At one point, I owned the Alternity version of GW, but I never played it. I love Alternity, but the GW book just didn't inspire me.

I never owned the S&S books, I had no need for them.
 

I got in with 2e though it was a short game. Picked up different eds from time to time. Still have the Alternity version and just bought an extra copy a month or so ago.
 

I played the hell out of 2e and 3e, sometimes for marathon weekend sessions. 4e was interesting to me, but I decided the character advancement rules were kind of wack or something, if I am recalling correctly.
 

I think I played 1E. I was pretty young, and I may not have actually played it, but I remember rolling characters and drawing pictures of my crazy plant guy.

I remember wanting to play it after seeing Thundarr the Barbarian cartoons.

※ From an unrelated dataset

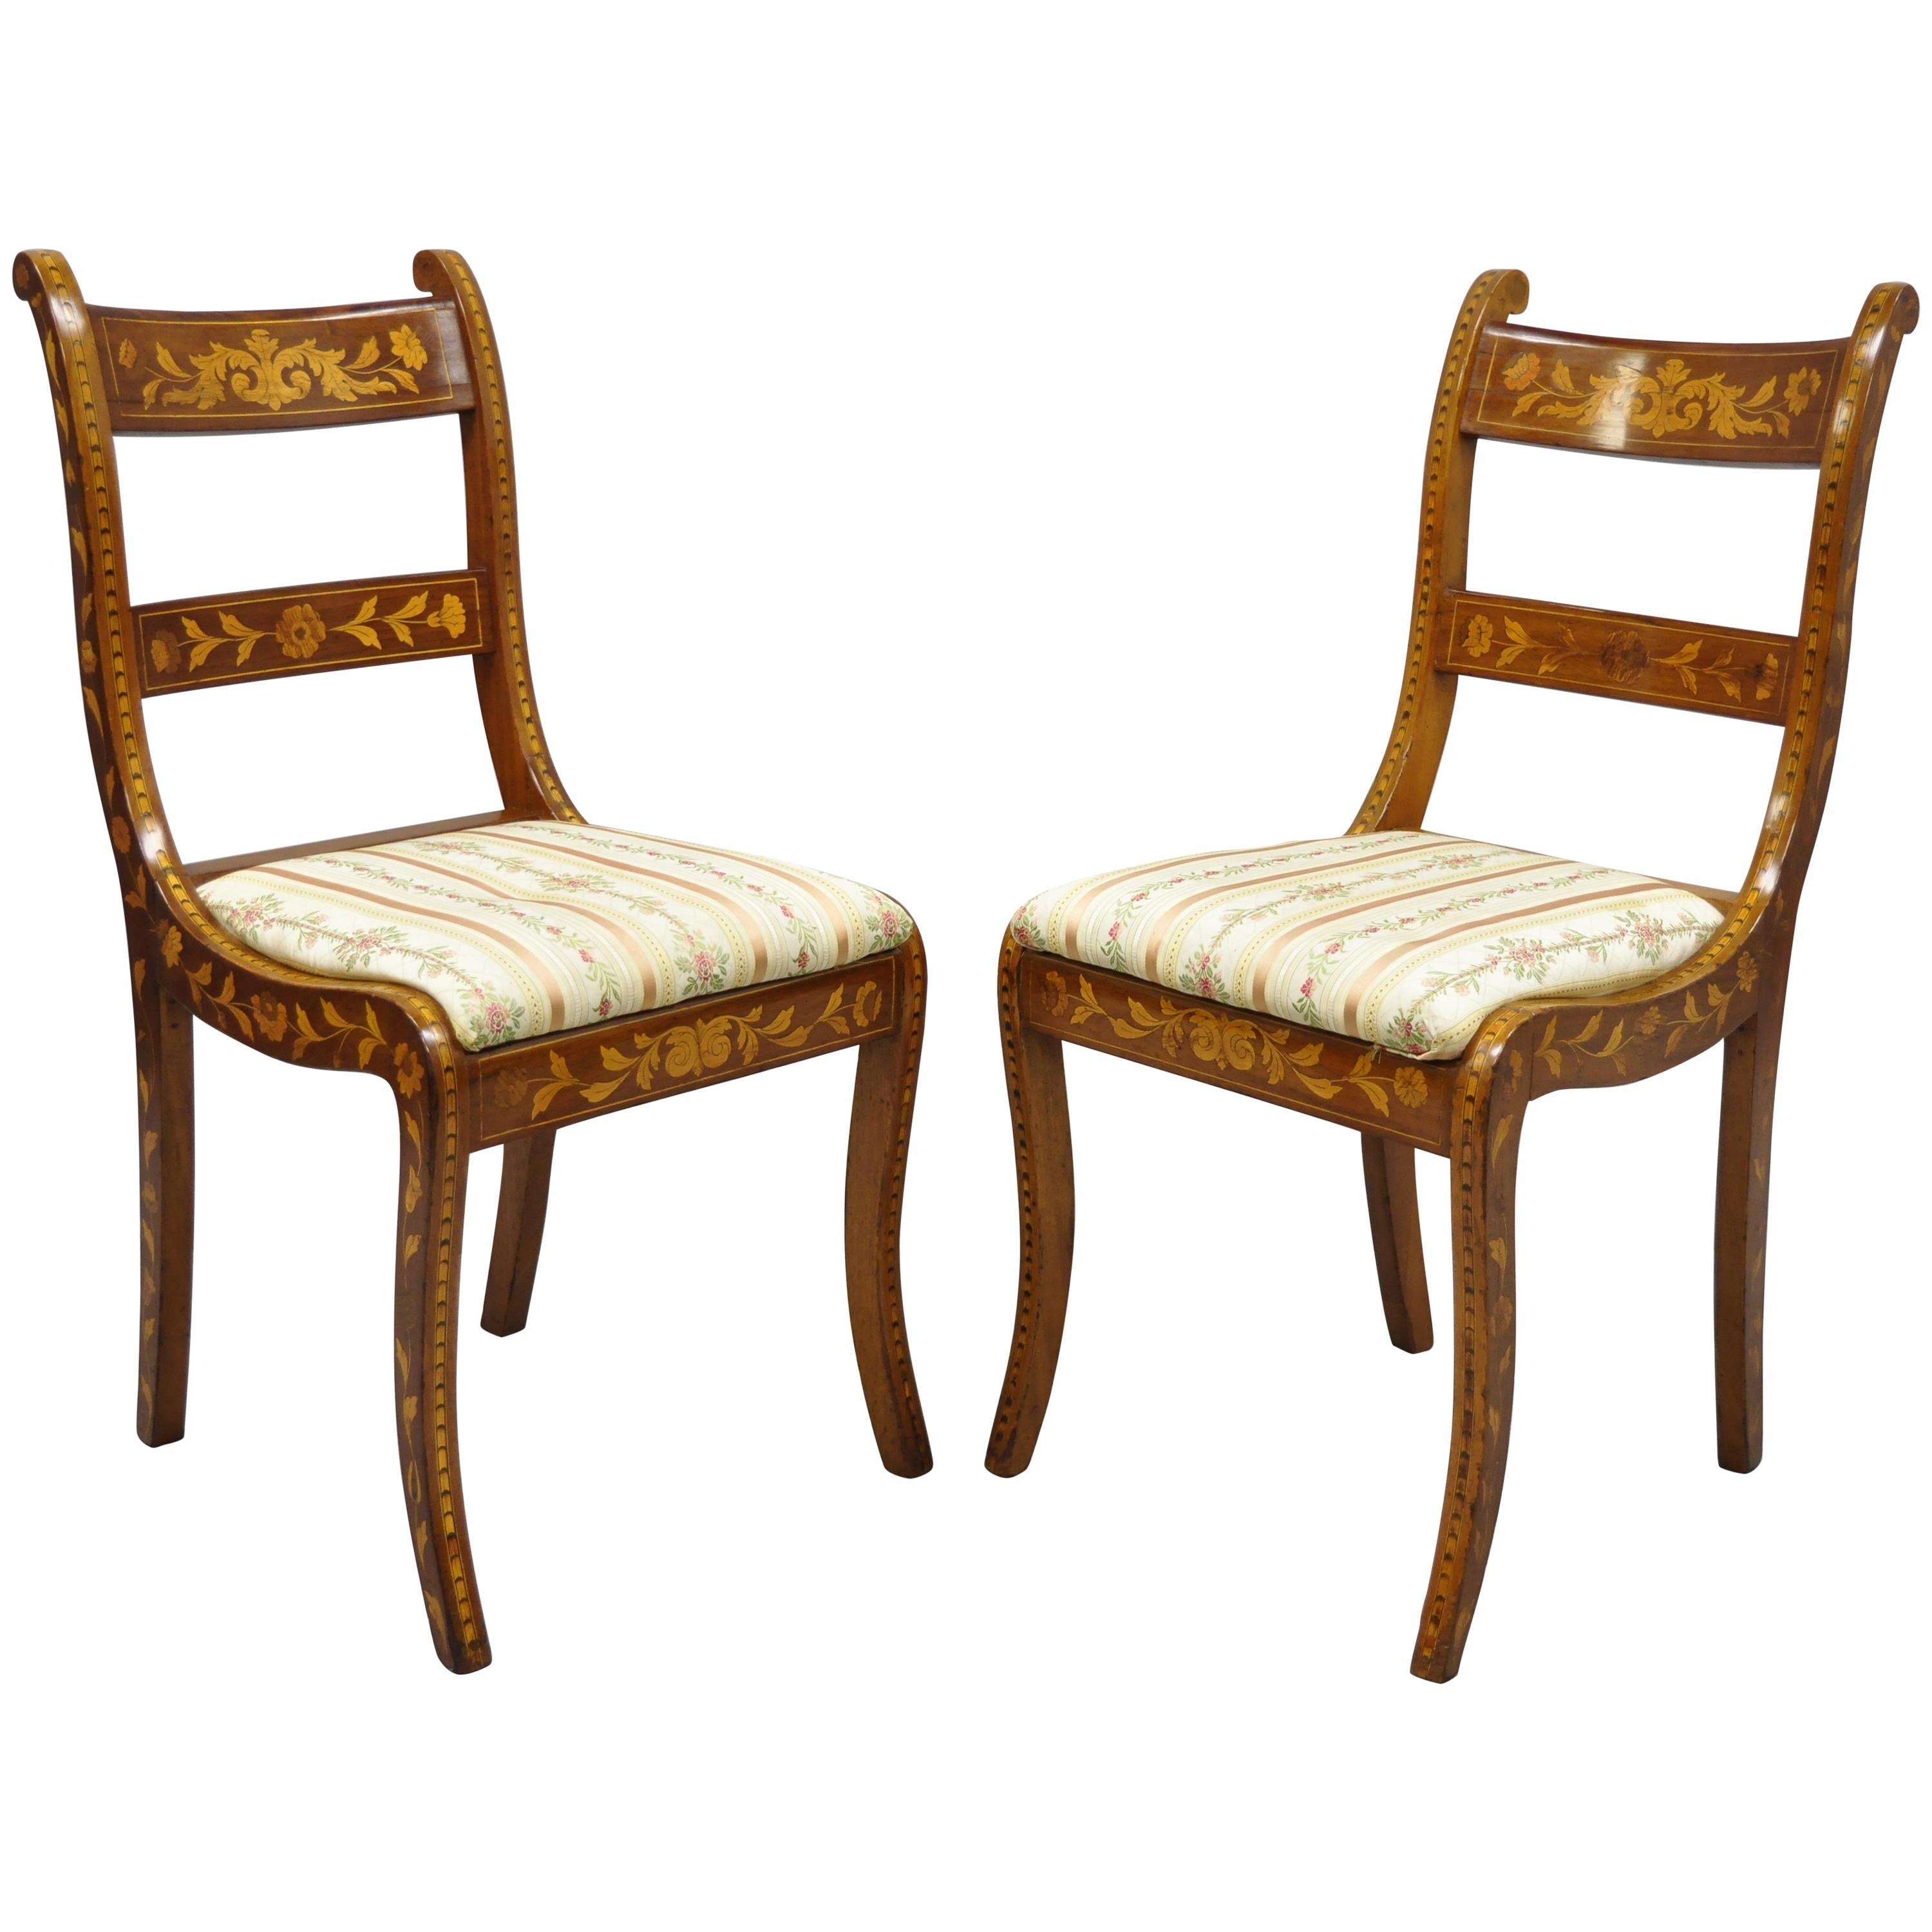 Paar Beistellstühle aus Seidenholz mit niederländischer Intarsienarbeit aus dem 19. Jahrhundert im Regency-Stil

Even as a kid at the time I thought the show's premise was amusing -- back in the 80's everyone thought the world would end via nukes, not some environmental disaster. Ha ha ... erm, yeah...

Oh and the cartoon said the world basically ended in 1994.
 

I started with Omega World, which was the best of the Polyhedron mini-games. In fact, I bought multiple copies of the magazine and the pdf of it, just so I could have additional copies of the random PC generation tables for people to use.

I didn't know there was a pdf. Just bought it to go with my 2 print copies. I would really love to see Omega World reprinted as an OGL game.